Posts Tagged ‘Knowing Your Market’

When I Make It Big…

September 23, 2009

Sia McKye’s Thoughts…OVER COFFEE

Shared via AddThis

Diana CrowningWeb[1]It’s my pleasure to have Diana Castilleja, author of Aiza Clan Shifter series, as my guest today. Diana writes paranormal, romantic suspense, and erotica as Diana DeRicci.

Diana discusses how writing has evolved over the last decade, as well as some well thought out advice about the writing process, our attitude towards rejections, and knowing the market we’re for which we’re writing…

I’m asked often what my advice would be for new writers just starting out.

There’s the basics:

  • Learn your craft, the skill of writing correctly without losing your innate flair and voice. Remember, the story you write, can only be told by you. Also understand that all the *rules* out there, aren’t in stone. Write the story the way you would want to read it. Only written words can be corrected and improved. A blank page is fodder for the crayon box.
  • Realize rejection, while tough, isn’t personal. It truly, really isn’t. Your story with all its wonderful twists and characters, is one of probably a hundred different story lines the agent, editor or publisher has looked at just that week when they finally reach yours. There’s places all over the web that discuss the most common rejections and why they happen. Everyone gets rejected. It’s part of the business. You’re not failing because you receive rejections. You’re succeeding because you are pushing forward, because you are driving yourself for more. Be proud.
  • Understand the market you’re writing for. Sounds simple enough, huh? Not exactly. Your market is going to change probably close to yearly as your style, voice and talent improve, as new authors arrive on the scene and mold the current reading selections, and favorites inspire whole new worlds. Sometimes the best thing you can do is generalize your story and let the publisher et al decide where to place it. Remember, this is a very fluid industry. Trends change on a nearly quarterly cycle with publishing. Aim for your genre and learn where your writing fits best. It’s not a reason to panic.

 

  • Lastly, glaciers move faster than any facet of the publishing industry. Different methods are faster (ebook/small press) or slower (New York) but it all still takes time. The best way to combat that impatience sitting on your shoulder? Write your next story. You might just discover something new that hadn’t appeared in the previous one. A new tangent, a new skill, a new idea. That’s what makes writing so rewarding, at least for me.
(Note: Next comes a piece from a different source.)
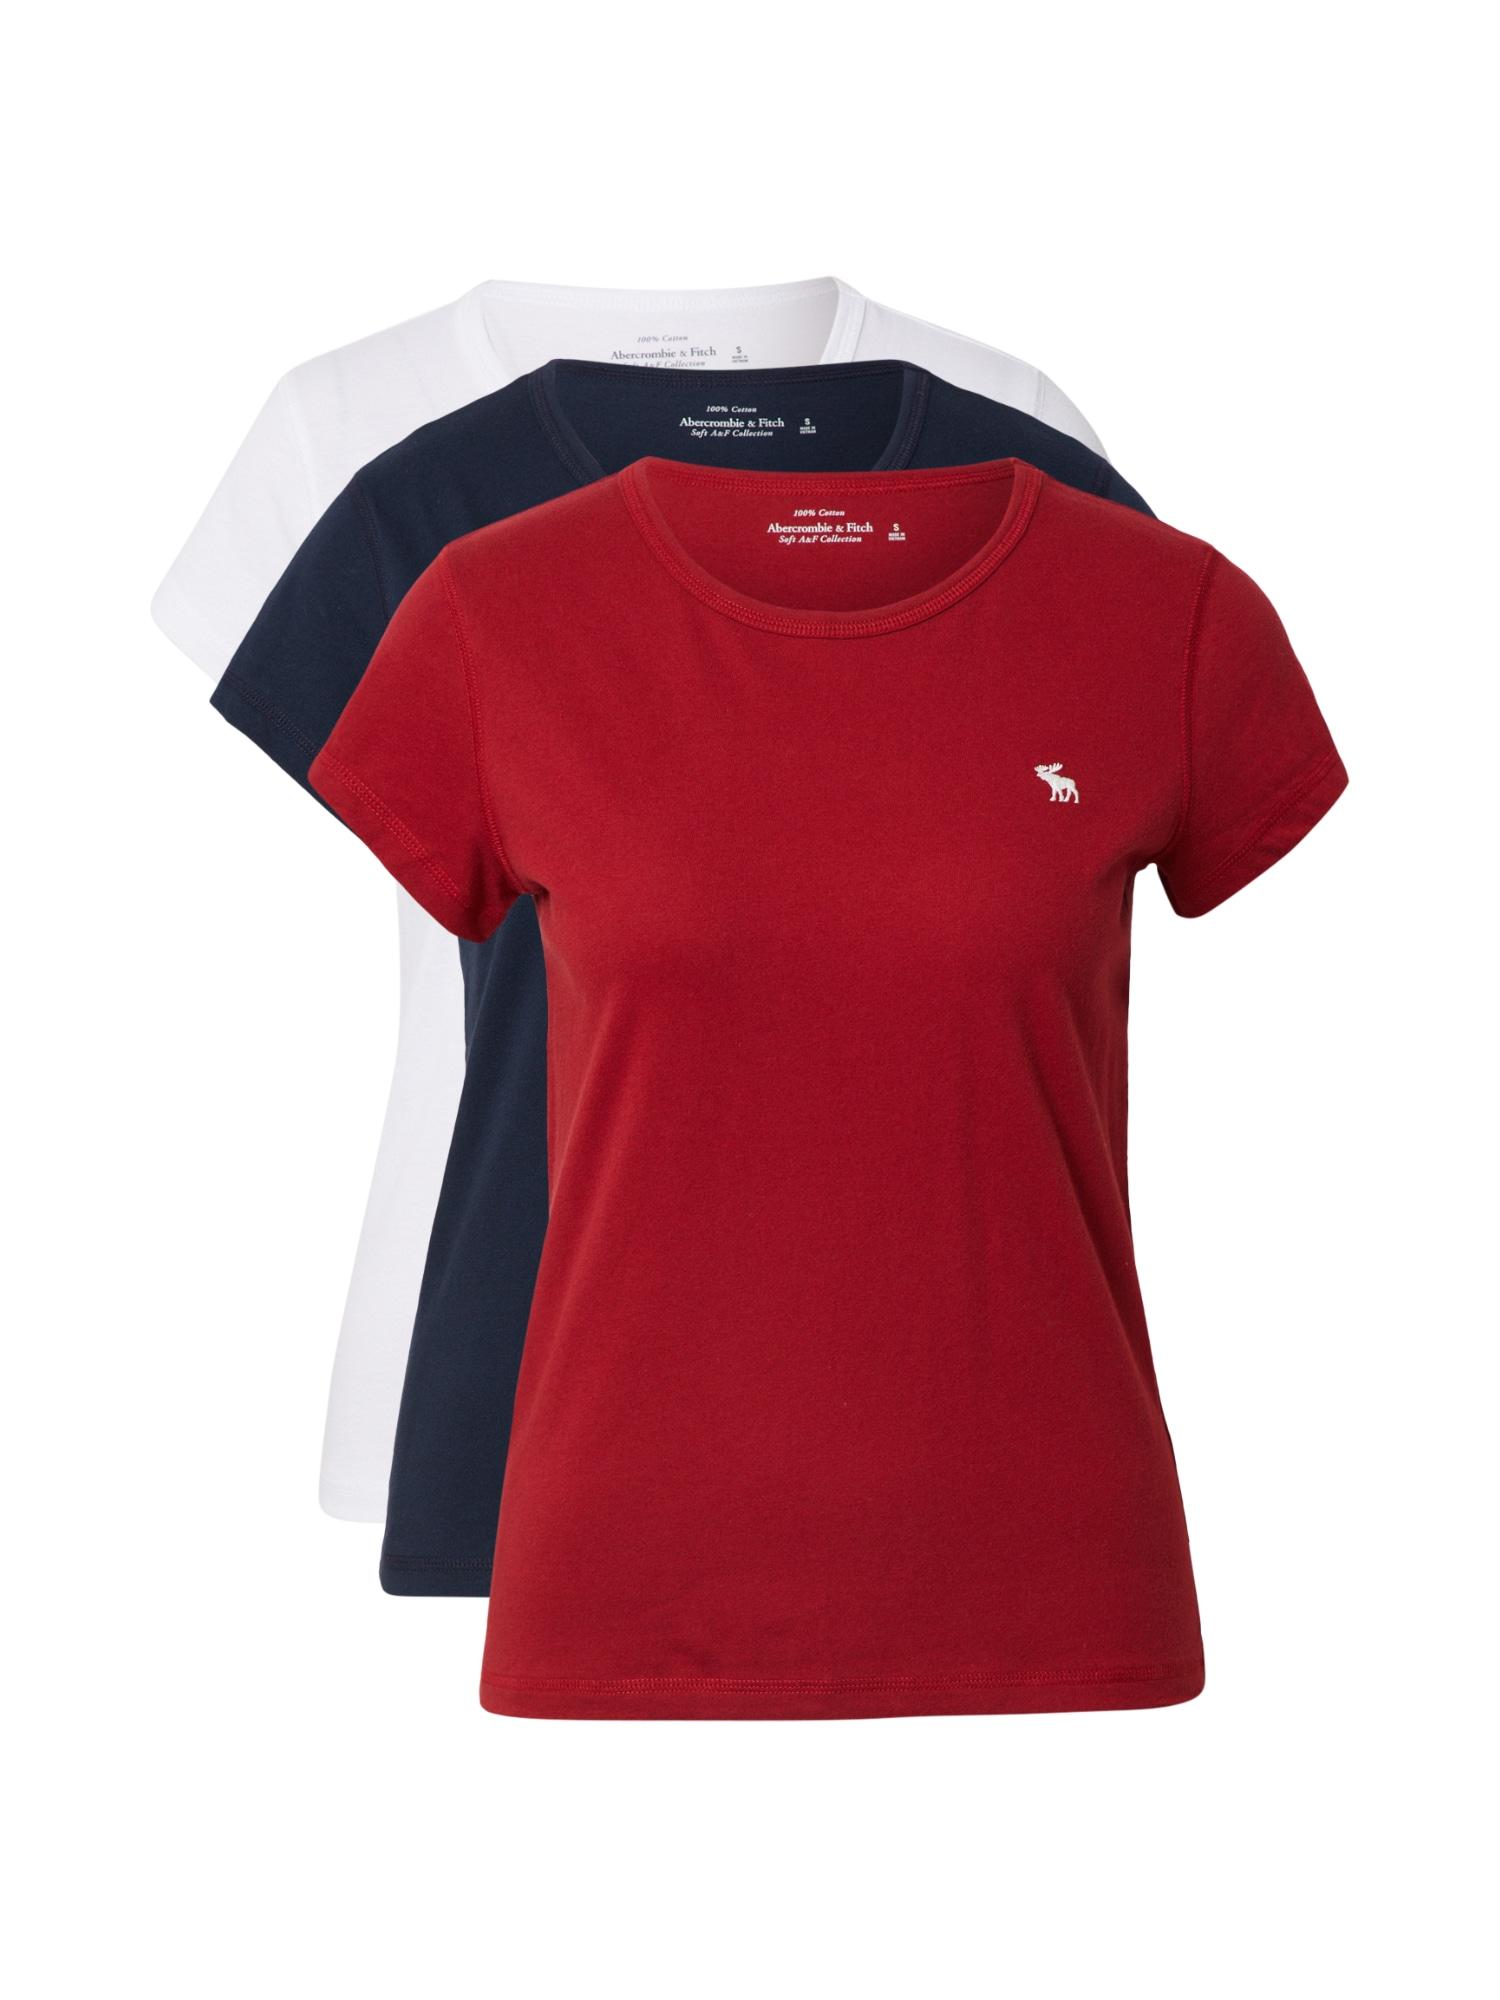 Abercrombie & Fitch Marškinėliai raudona / balta / tamsiai mėlyna

So when I make it big, I can say I knew me when, because I’ve already experienced a lot of this, and know I have a lot more rolling down that hill to smack into me at any given moment. Is that impending trouble enough to make me stop writing? Honestly, no. I have locked up with writer’s block, for a whole year once. I refuse to let that happen again, but I can’t see myself willingly tossing in the towel and never writing a tortured hero or a messed-up heroine again. I’d probably drive my family insane if I did. I’m sure they’d be grateful if I didn’t.

Do you see rejections as failures?
How have you evolved as a writer?

What are your thoughts on this?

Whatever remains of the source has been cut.